Но кроме незаконченных книг у Мочульского было еще и «Православное дело». Здесь работали не просто друзья — единомышленники, и от этого круга мало кто уцелел. Они прятали евреев, помогали всем, кому угрожала опасность. И рано или поздно развязка должна была наступить.
«9 февраля 1943 года, — писал Мочульский летом сорок пятого, — были арестованы о. Дмитрий Клепинин, Пьянов, Казачкин, мать Мария и мой любимый ученик и друг Юра Скобцов. До января 1944 года они сидели в лагере в Компбено и мы могли им писать и получать письма. Им удалось устроить церковь и они писали бодрые и мужественные письма: мы жили все надеждой на встречу с ними. Увы! в январе они были депортированы, сначала в Бухенвальд, а потом еще ужаснее — в лагерь «Дора». Вернулись только Пьянов и Казачкин. О. Дмитрий скончался в марте 1944 г., а о Юре и Матери нет известий, но кажется, они тоже погибли. Это почти невозможно пережить»[25].

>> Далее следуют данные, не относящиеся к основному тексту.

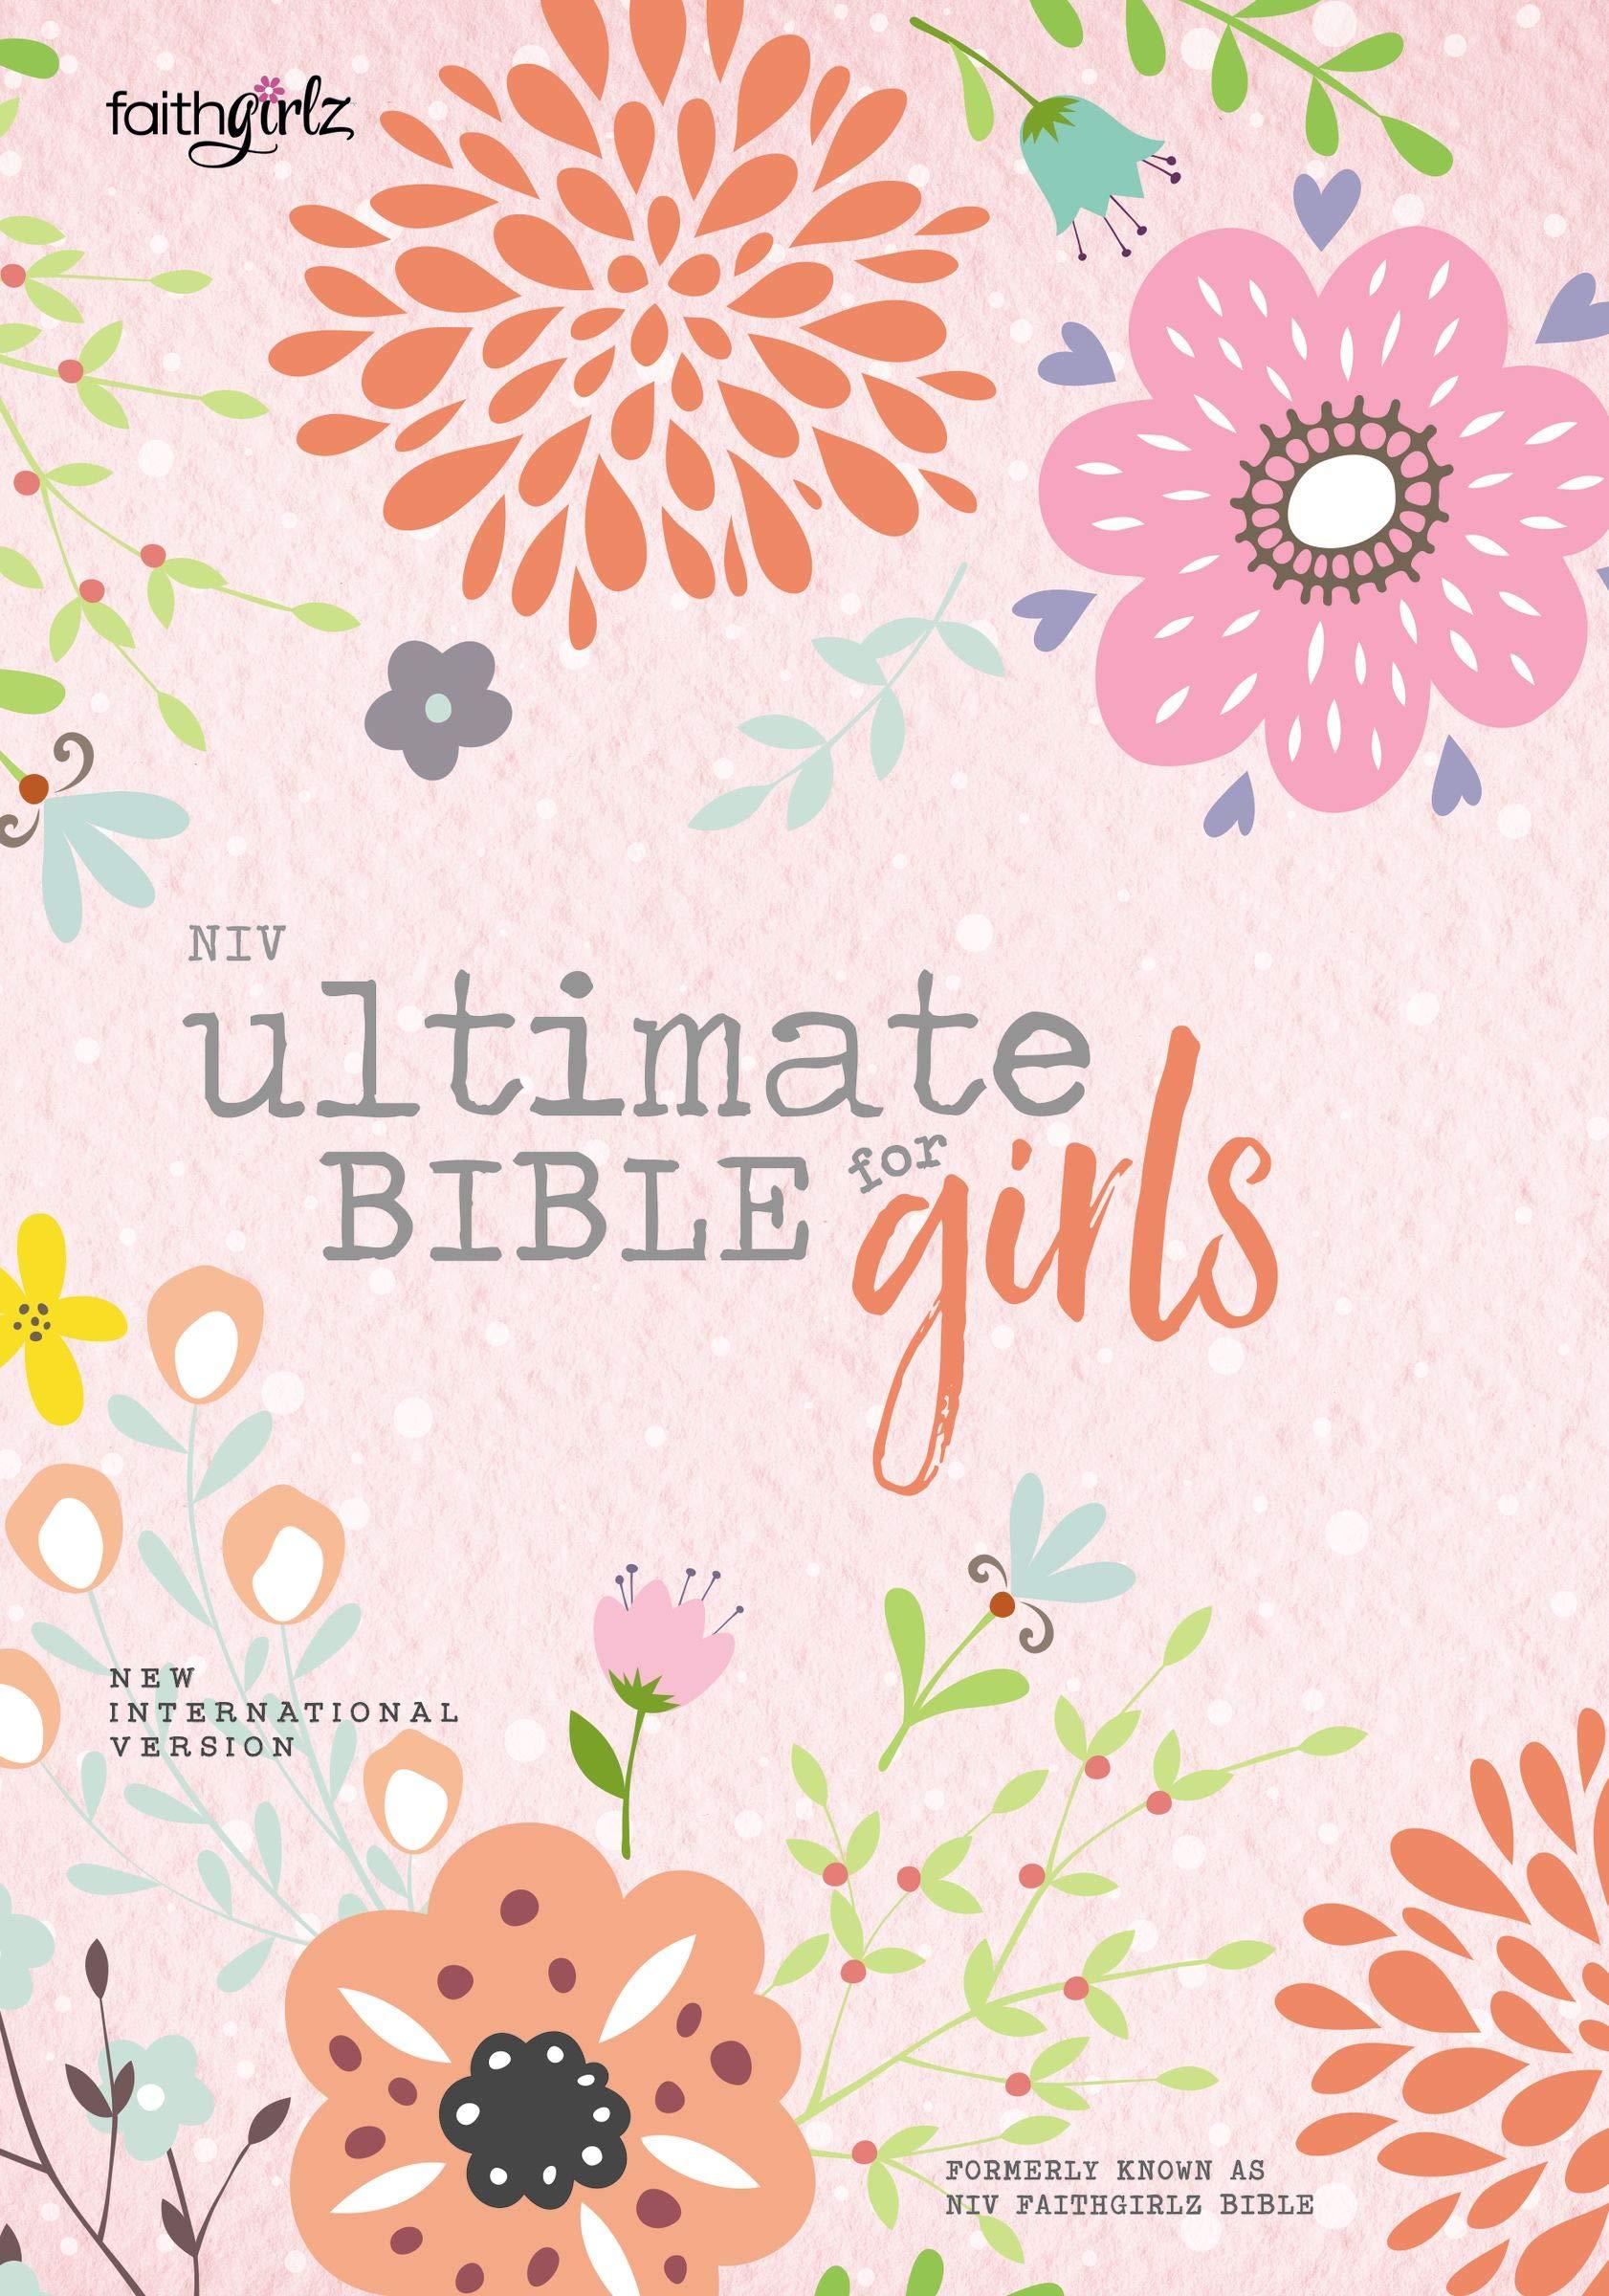 NIV, Ultimate Bible for Girls, Faithgirlz Edition, Hardcover

Сам Константин Васильевич удивлялся, почему при разгроме «Православного дела» он уцелел. Считал это чудом. Но потрясение от ареста, а потом и гибели друзей было настолько сильным, что он от него уже не оправился.

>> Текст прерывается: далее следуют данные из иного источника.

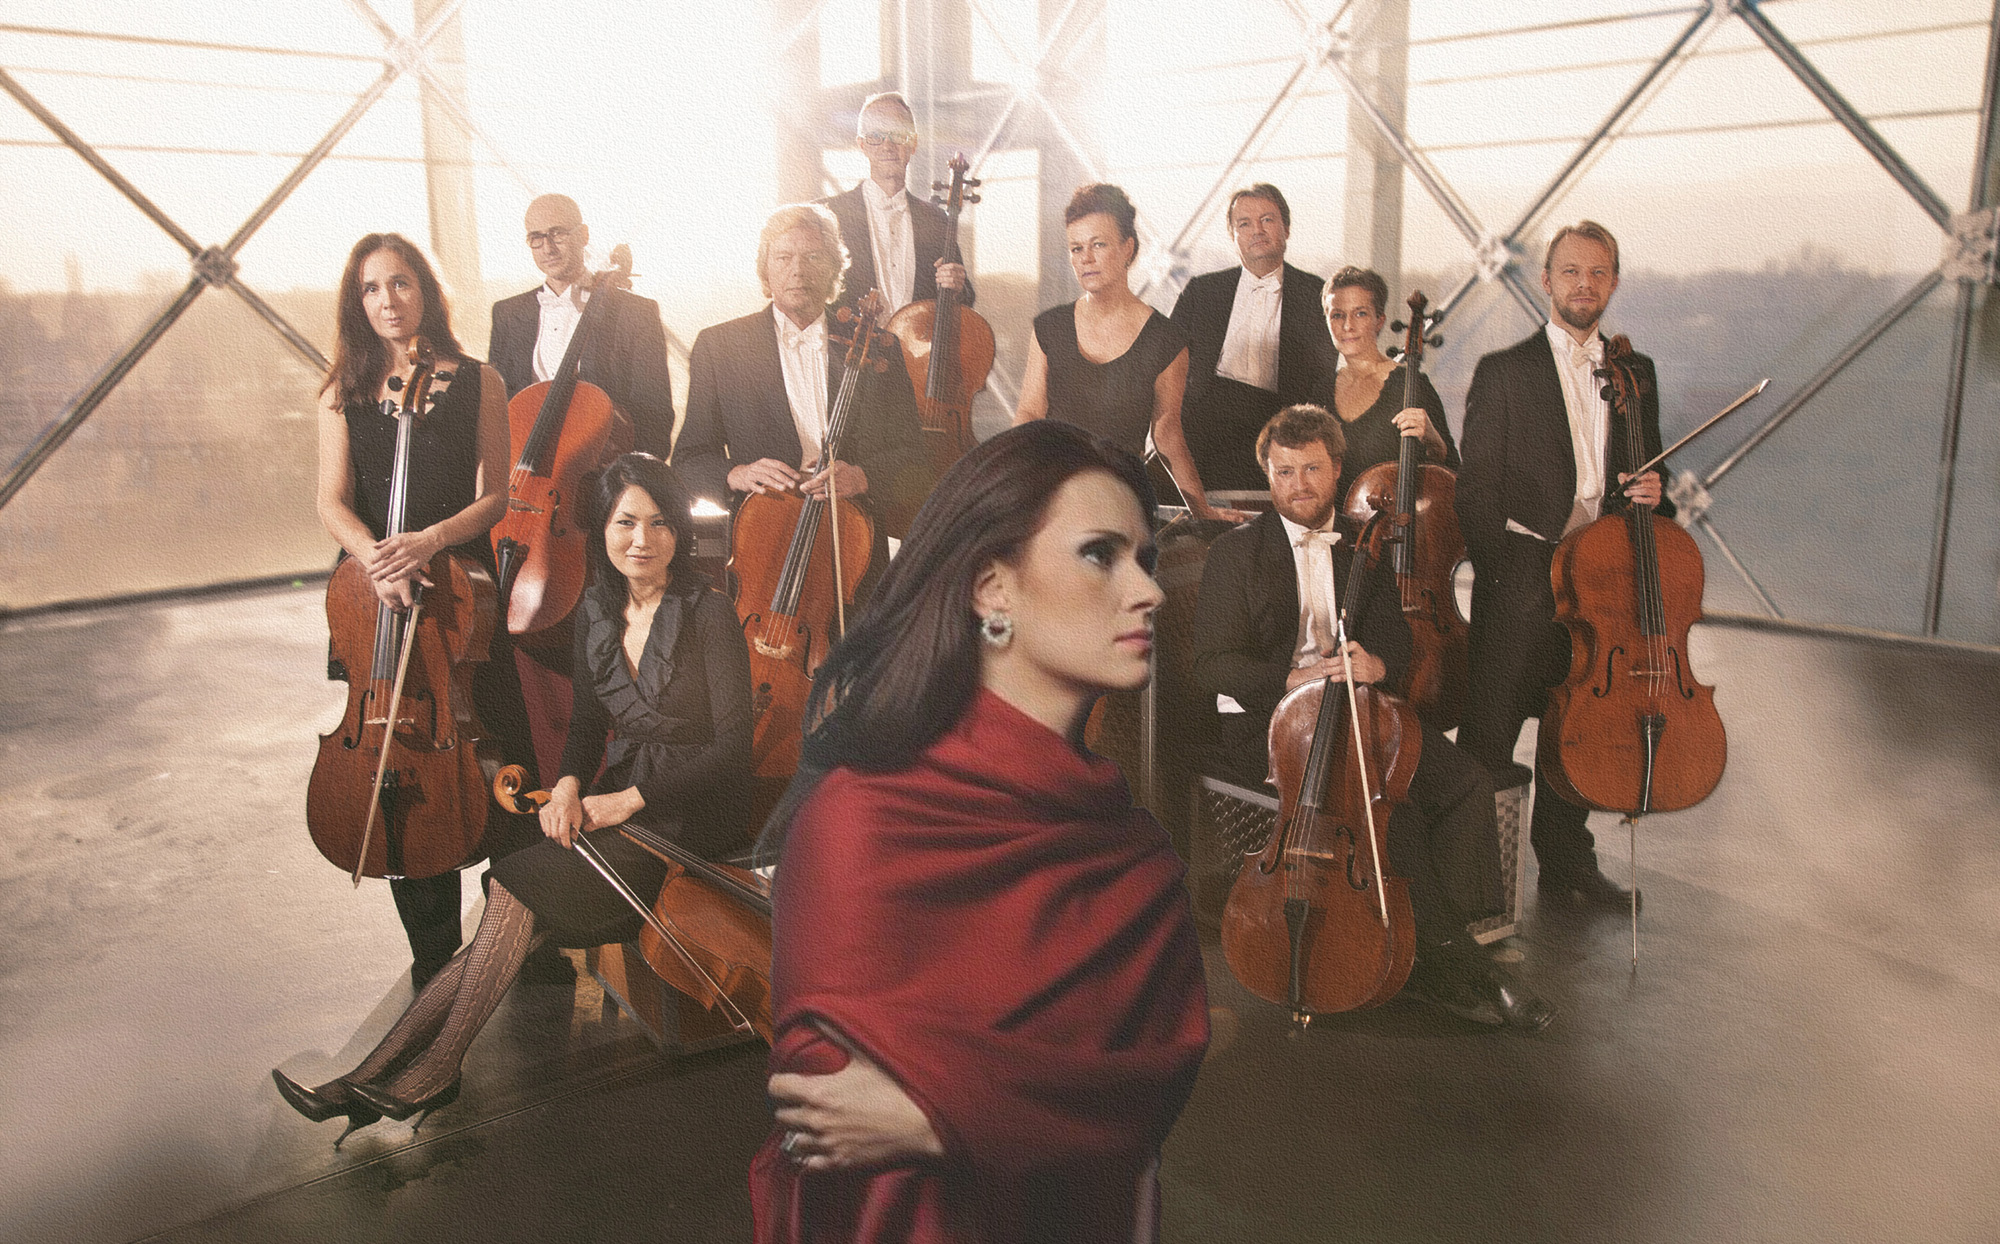 HKMF-Celloensemble-and-Gabriella-Pace

«Летом 1943 года, — пишет он в том же письме, — от холода, истощения и моральных терзаний я заболел сильным плевритом и чуть не умер. Меня выходила Ел. Алекс. Могилевская, которая увезла меня в свое имение под Парижем. С тех пор мое коровье очень пошатнулось, правое легоеое под угрозой и страшная истощенность»[26].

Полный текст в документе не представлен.